As people start a New Year, most reflect on the past and look ahead. They hope that it is possible their life will improve. They make plans so that the year that begins is more profitable and rewarding than the one that just ended. That even happens in countries governed by market communist dictatorships such as China or Vietnam.
But in Cuba, subjected to a hybridization that many call “military state capitalism”, this is not the case.
Raúl Castro, in a mockery of the Cuban people, during his January 1st speech on the 60th anniversary of the ascendant of Castroism, asked the Cubans for “more sacrifices and to have confidence in the revolution, envisioning a worthy and prosperous future”. But when will that future will arrive after sixty years of repeating the same phrase?
The dictator thus showed his contempt for the Cubans. Since the mid-twentieth century his brother Fidel and he have been asking the people sacrifice today to enjoy the future tomorrow. A future that never arrives because it always was, and still remains, a great alibi for the regime to stay in power.
The General went even further and announced that in 2019, “the tasks of preparing the defense” will be prioritized aiming at “preserving sovereignty and peace.” A phrase that seems to have been taken from George Orwell’s novel 1984. A country where recently has even disappeared the “daily bread” rations, a nation where the sovereign people do not choose their rulers since 1948 and where “peace” means death, prison, beatings and fascist mob harassments to those who disagree with the system.
While Raul Castro mocks his own people, the economic crisis worsens. The leadership refuses to take the only step that can end poverty, social tensions, and technological and cultural backwardness: to free the productive forces of Cuban society.
Meanwhile, the new president-designate Miguel Diaz-Canel, in another lack of respect for the country said that for the economy to grow in 2019 the solution is to eliminate bureaucratic habits and reduce waste and theft. It would seem like a joke if it did not come from such an inept official and Castro’s puppet.
What is certain and regrettable is that in 2019 Cuba will suffer more poverty, not less than in 2018. Such situation will further trigger despair and would increase the desire to migrate even if it is to the North Pole. The country has stopped producing many years ago. Today, daily survival depends on its ability to find any new external sponsors.

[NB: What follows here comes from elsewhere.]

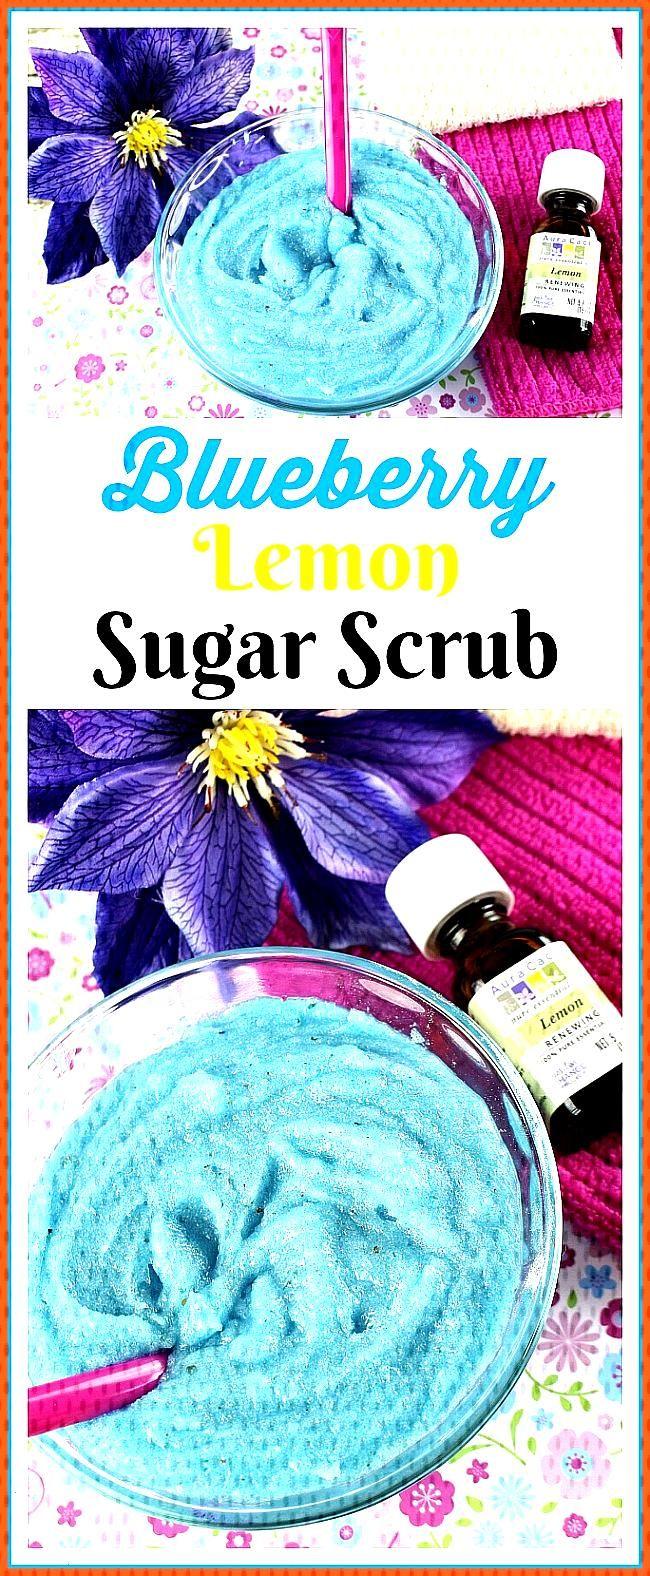 Blueberry Lemon Sugar Scrub- Refreshing DIY Beauty Product Blueberry Lemon Sugar Scrub- You don t h

None less than Luis Almagro the Secretary General of the OAS, has just declared that the Cuban government is a “jinetera revolution” because it lives on “extreme parasitism”, at the expense of external subsidies. Almagro believes that it is essential for the “dictatorship” to “fall.” That description of Cuba and the aggravation of the crisis in Venezuela, and in Nicaragua, provides a glimpse into the current political situation in Latin America.
In this context, the “new” Stalinist Constitution aims at perpetuating Cuba’s military state capitalism. But if something really new happened during 2018, it was that an increased number of citizens decided to make their dissatisfaction with the “status quo” to be heard loud and clear.
We’ll see what happens in 2019, but we can forecast that Castro’s intention to perpetuate the current regime will not be successful. The Cuban dictatorship is simply not sustainable.